1950年生まれ。1975年、東京外国語大学卒業、日本貿易振興会(ジェトロ)に入る。香港大学研修、日中経済協会、ジェトロ・バンコクセンター駐在などを経て、1993年、ジェトロ大連事務所を設立、初代所長に就任。1998年、大連市旅順名誉市民を授与される。ジェトロ北京センター所長、海外調査部主任調査研究員。2010年上海万博日本館館長を務めた。

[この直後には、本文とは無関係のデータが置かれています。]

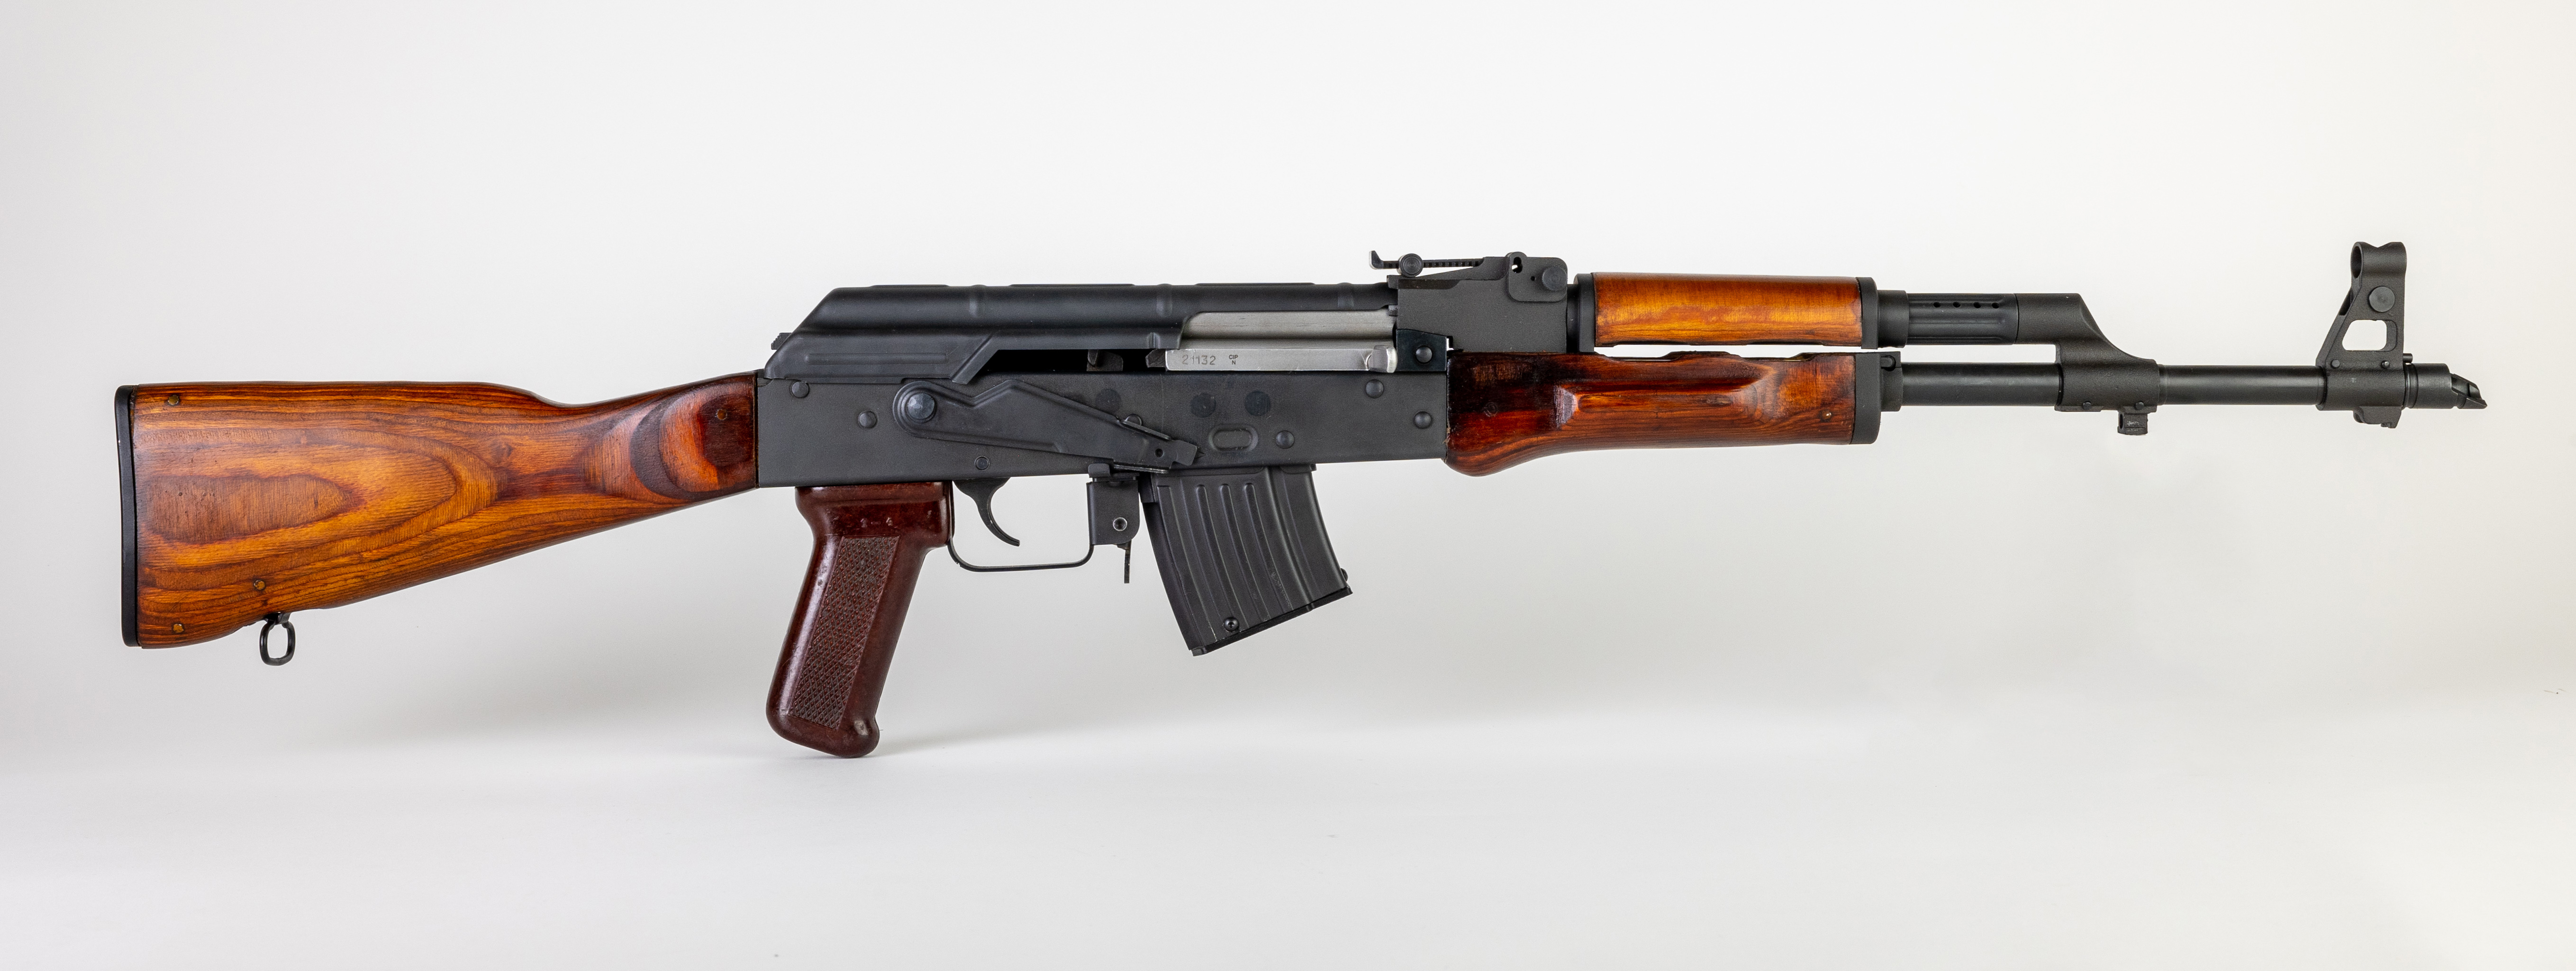 M17 (AK-47-style assault rifle)

今世紀に入り、世界経済に起こった最悪の出来事は、2008年に発生したリーマンショックではなかったでしょうか。01年に念願の世界貿易機関(WTO)加盟を果たし、国際化の歩みを速めていた中国経済にも大きな影響を与え、今でも傷跡を残しています。習近平国家主席は今年の新年賀詞で、16年を振り返り、中国人民にとって「非凡で忘れ得ない1年だった」と述懐しています。リーマンショックから9年、WTO加盟から16年が経った17年の中国経済は、どう展開してゆくのでしょうか。今日、中国をはじめ、反グローバリズム、保護主義の台頭を懸念する国は少なくありません。WTO加盟後15年(昨年12月11日)を経ても中国を市場経済国と認定しない米国、欧州連合(EU)、日本などの主要先進国があり、中国はこれこそ保護主義の表れと捉えているようです。17年の外部環境は、開放経済政策を採ってきた中国にとって、必ずしも良いとは言えませんが、中国の経済力に期待している国は少なくないでしょう。中国経済と世界経済との関係を見るための重要な視点を考察してみたいと思います。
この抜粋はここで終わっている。